European Orchard Bee is Now a Valuable Pollinator in UK–Since the Weather Got Warmer


Pair of European orchard bees (Osmia cornuta) GNU Free license

If you happen to be on a ramble in southern Britain next year, you may see a solitary orangish bee flitting between rising flowers as early as late February.

Such days used to be too cold for Osmia cornuta, known as the European orchard bee, a regular pollinator in orchards on the mainland. However, rising global temperatures have allowed this powerhouse pollinator to find the English meadows fit for purpose.

O. cornuta will emerge in early to mid-March and begin feeding on the nectar of the earliest flowering plants like scilla, a genus of bulb-forming perennial flowers, often called squills and known for their early spring blooming of star-shaped blue, purple, white, or pink blossoms.

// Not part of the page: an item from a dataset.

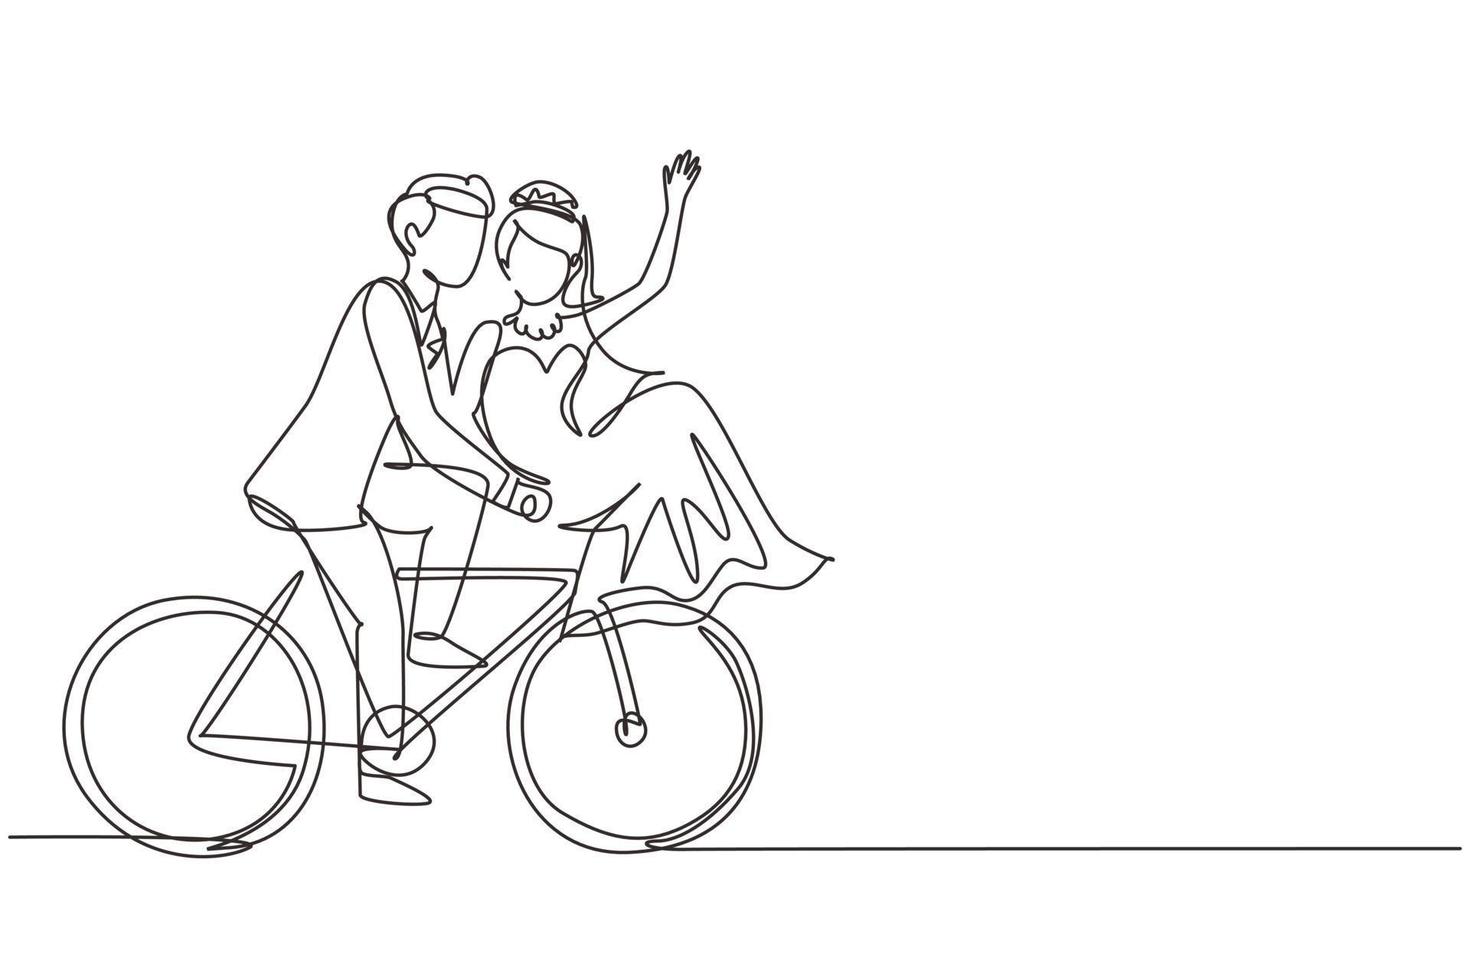 fortlaufende einzeilige zeichnung eines romantischen verheirateten paares, das fahrrad fährt. mann und frau verliebt in hochzeitskleid. Glückliches Ehepaar, das zusammen Rad fährt. einzeiliges zeichnen design vektorgrafik illustration vektor

Though not a honeybee, it is utilized as a commercial pollinator, and deployed in almond, cherry, and apple orchards. A solitary species, the orchard bee lays a single egg in a nest dug into rotting wood. Inside, it will stash pollen for the baby bee to eat, and then seal up the hole to protect it.

If wood isn’t available, it will happily use masonry or house walls, cracked window frames, drainage pipes, and other nooks and crannies in anthropogenic locales.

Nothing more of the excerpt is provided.